Do you feel broken in mind, body or spirit;
or, do you feel at your wit’s end; or, do you feel like you are barely holding
on to the frayed end of your rope? Today
is your day. Rejoice and be glad in it! “The strife is o’er, the battle done, the
victory of life is won, the song of triumph has begun”[2].
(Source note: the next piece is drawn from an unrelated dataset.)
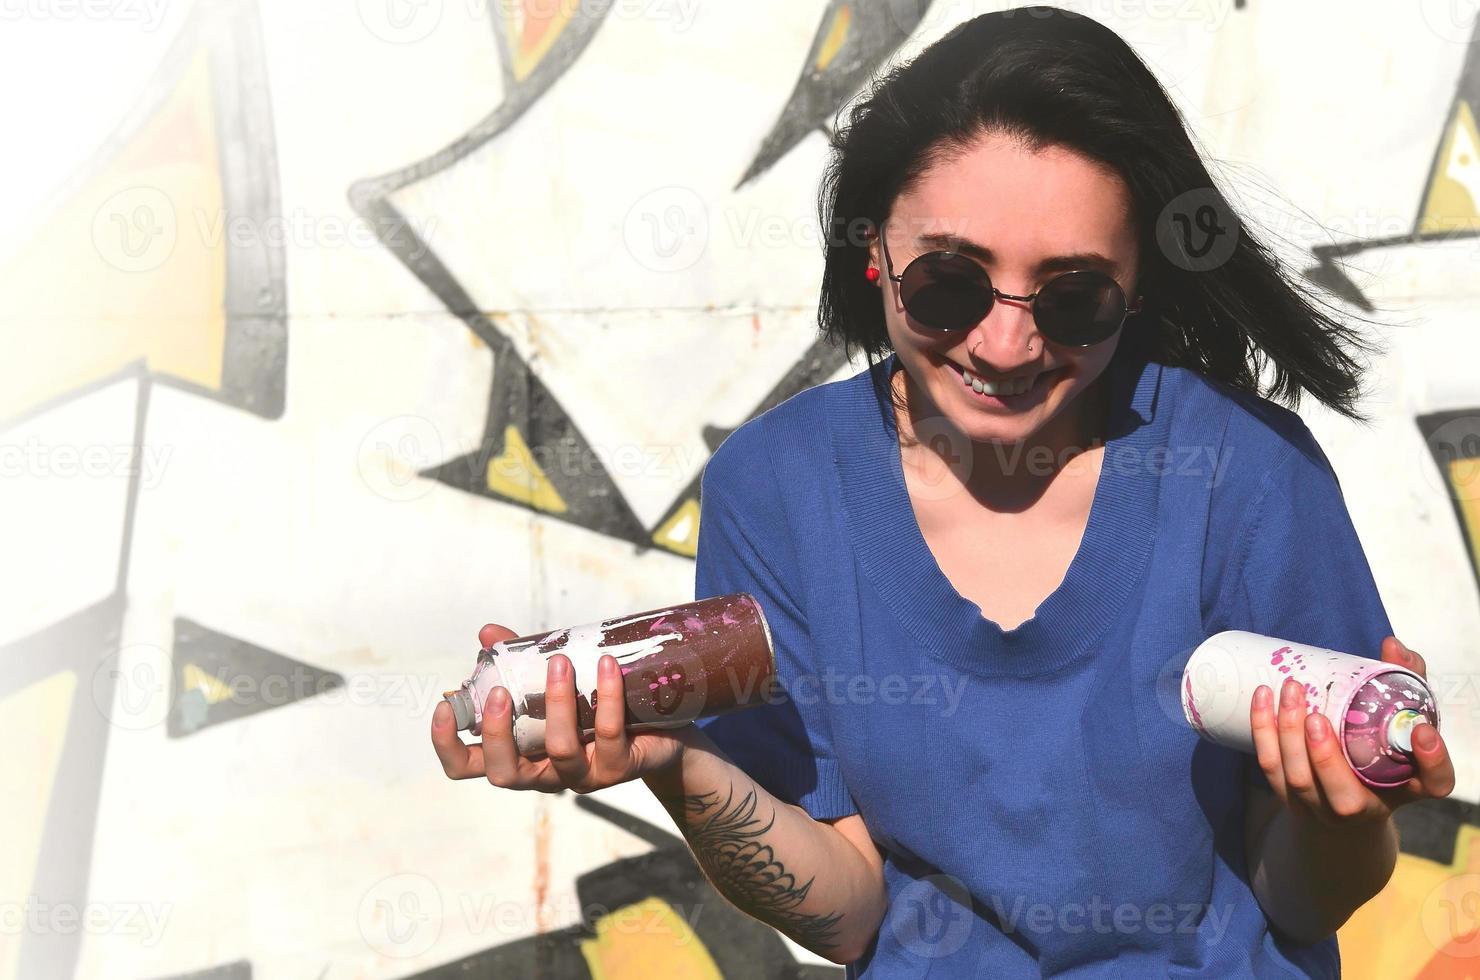 porträtt av ett emotionell ung flicka med svart hår och piercingar. Foto av en flicka med aerosol måla burkar i händer på en graffiti vägg bakgrund. de begrepp av gata konst och använda sig av av aerosol målarfärger

Are you unable to get really excited or
passionate about anything; or, do you sense a lack of meaning and purpose in
your life? Today is your day. Rejoice and be glad in it! “Spirit of power, now flow in us, fount of
our being, light that dost lighten all, life that in all dost abide: Praise to
the giver of good! Thou Love who art
author of concord, pour out thy balm on our souls, order our ways in thy peace”[3].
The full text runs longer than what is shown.